Ерожин домой к Козлову не поехал, вышел возле гостиницы. Из номера позвонил в Ташкент Насырову, сказал, что докладывать рано, но кое-что узнать удалось. Петр Григорьевич понимал, что звонок выдал формальный, но этику и коллегиальность «соблюл». Затем позвонил в Москву Аксеновым. Трубку не сняли.
«Сидят в Нахабино», — удовлетворенно отметил он и набрал номер дачи. Он надеялся, что услышит голос Нади. И не ошибся. Девушка сидела у телефона и ждала его звонка.
— Петя, какое счастье, что ты позвонил.
Я места себе не нахожу! — взволнованно крикнула Надя. — Как твои дела? Ты здоров?
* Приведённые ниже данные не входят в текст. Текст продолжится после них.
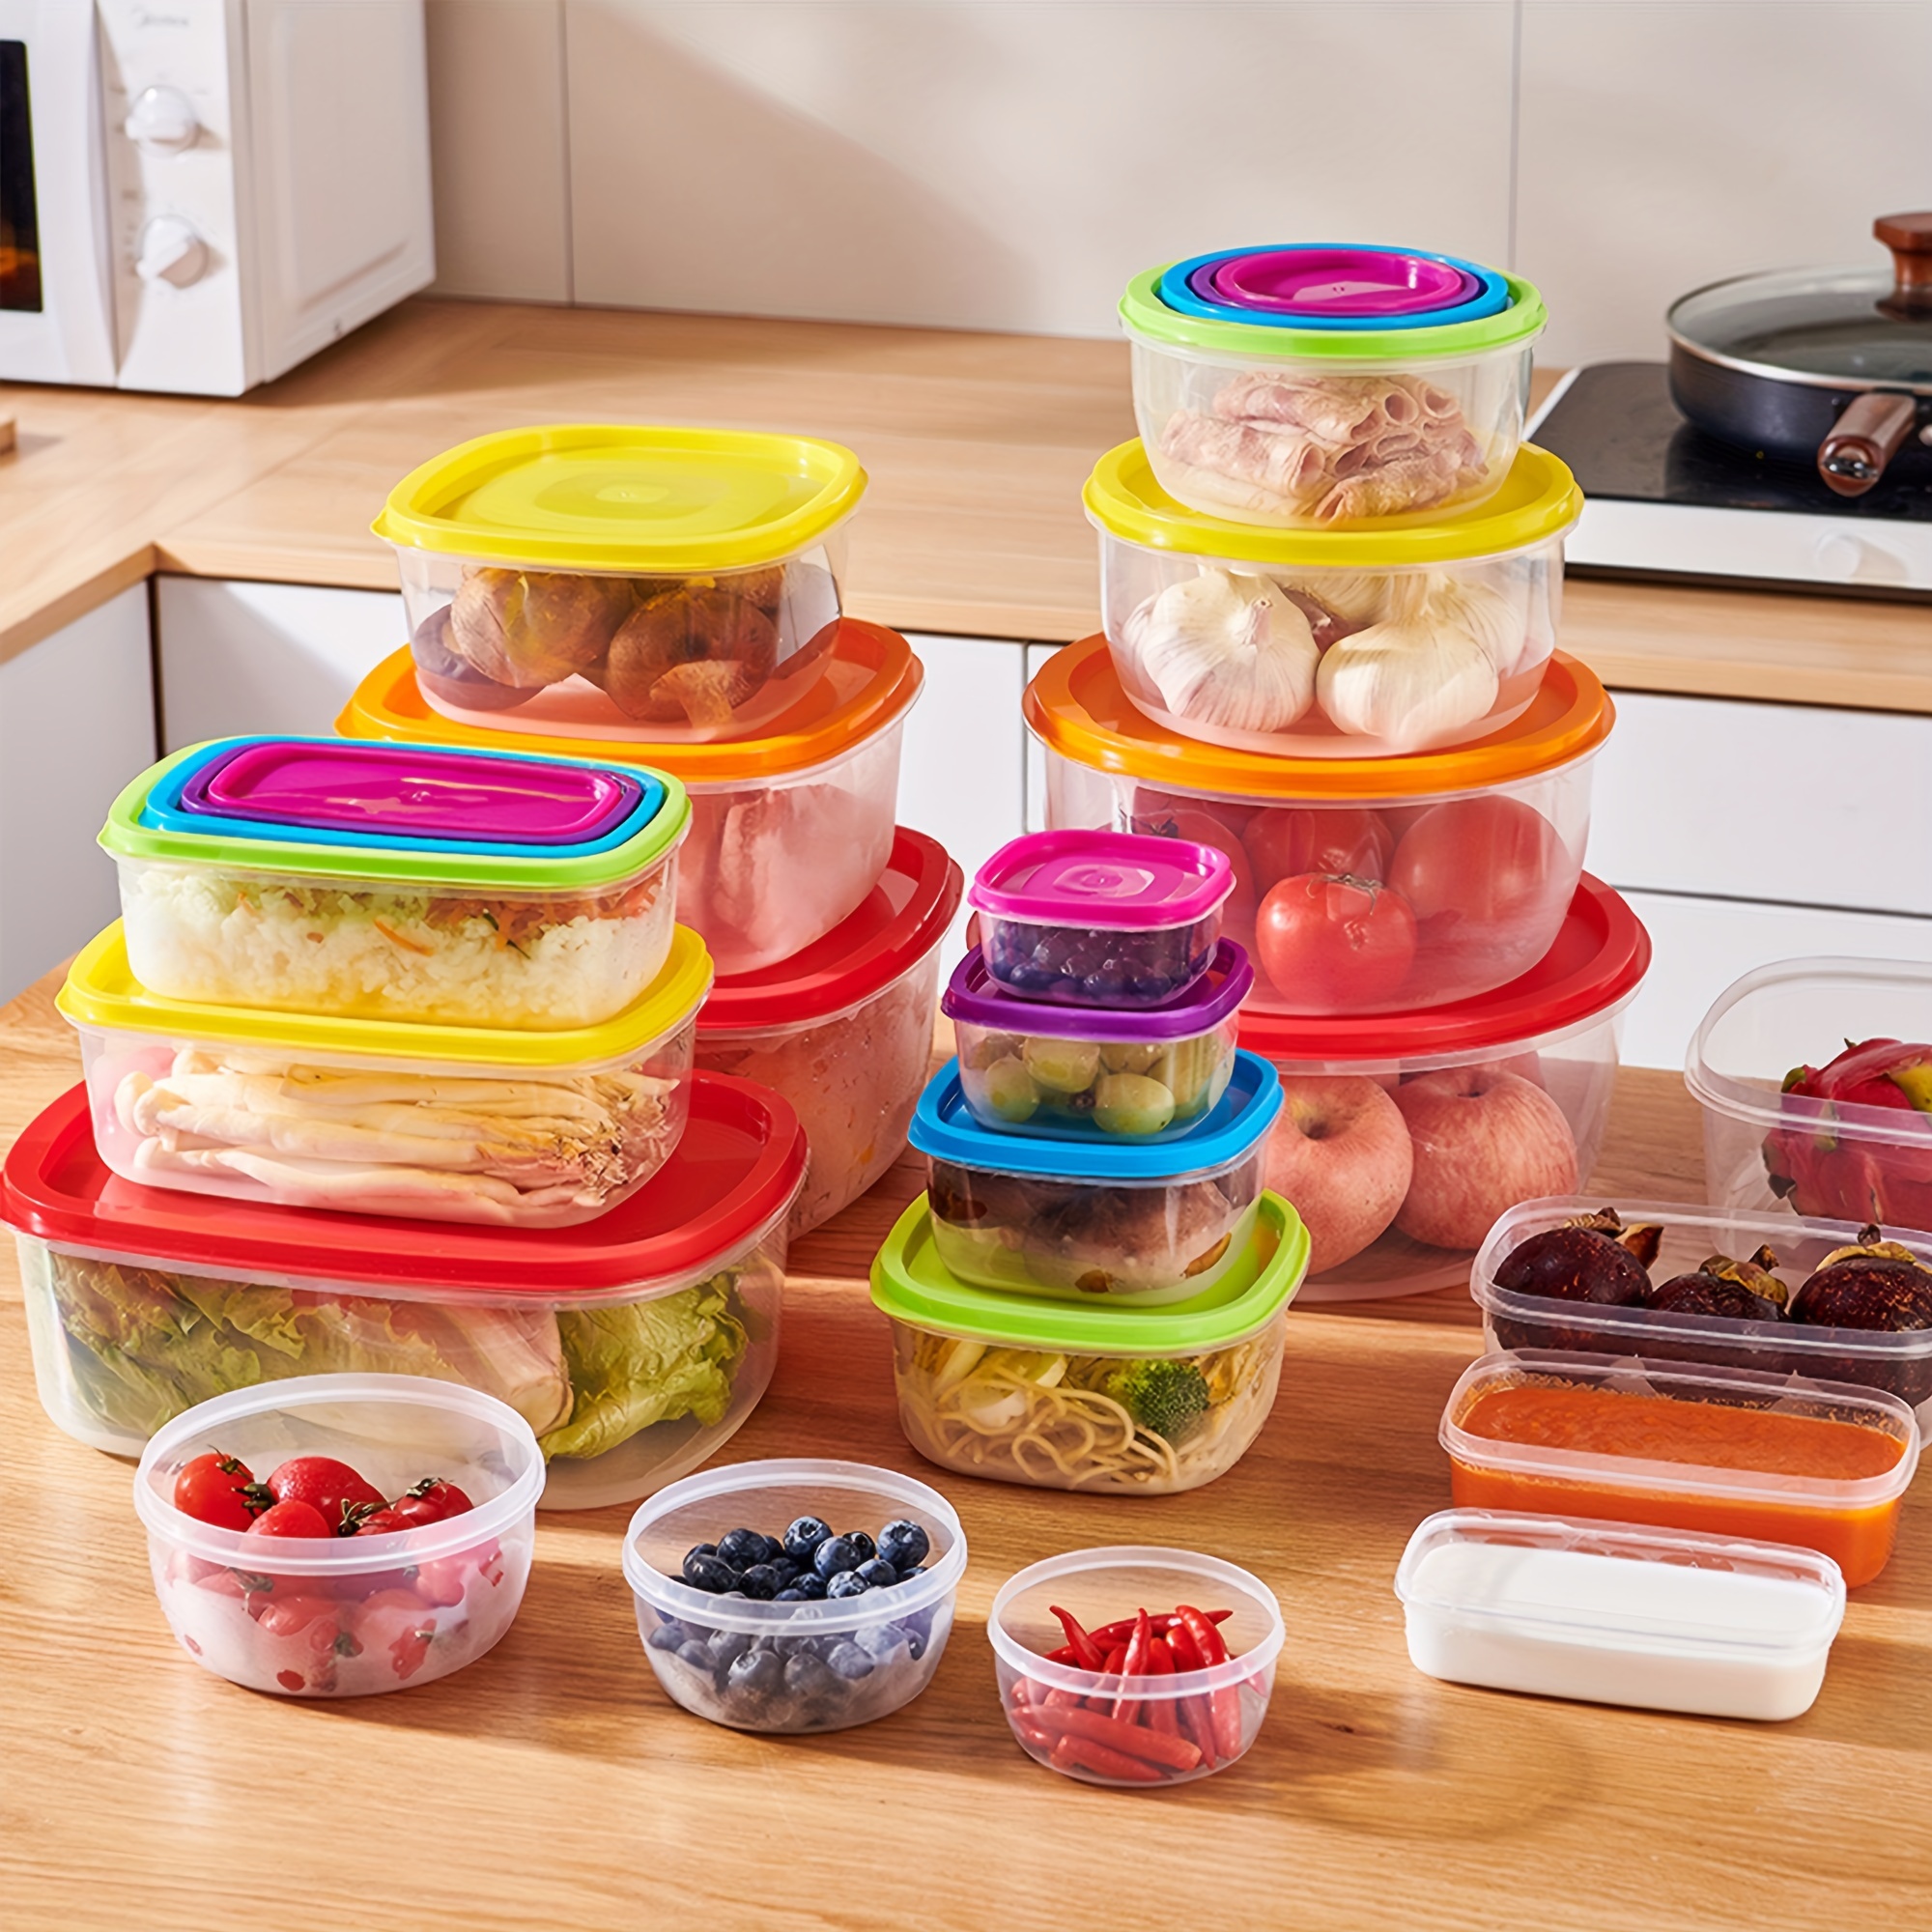 Bento box meal prep containers - 5 Leak Proof Lunch Box

Под пули не лез?
— Все в порядке. Работаю. Как у вас?
— Вчера Фоню похоронили. Наши на похороны, как ты велел, не поехали. Сева Фониных родителей к нам привез. Они очень хорошие.
Мне их жалко.
— Веселого мало, — согласился Ерожин.
— Милый, Люба мне рассказала о том, о чем с тобой говорила. И еще просила тебе передать, что перед отъездом поругалась с Фоней. Ну, когда он в Лондон собирался. Ты меня слышишь?
— Очень внимательно слушаю, — подтвердил Ерожин.
— Фоне показалось, что он видел, как Рера с чужим мужиком в машине целуется. Люба обозвала Фоню вруном. Они поссорились, и Фоня уехал не попрощавшись. Ты меня понял?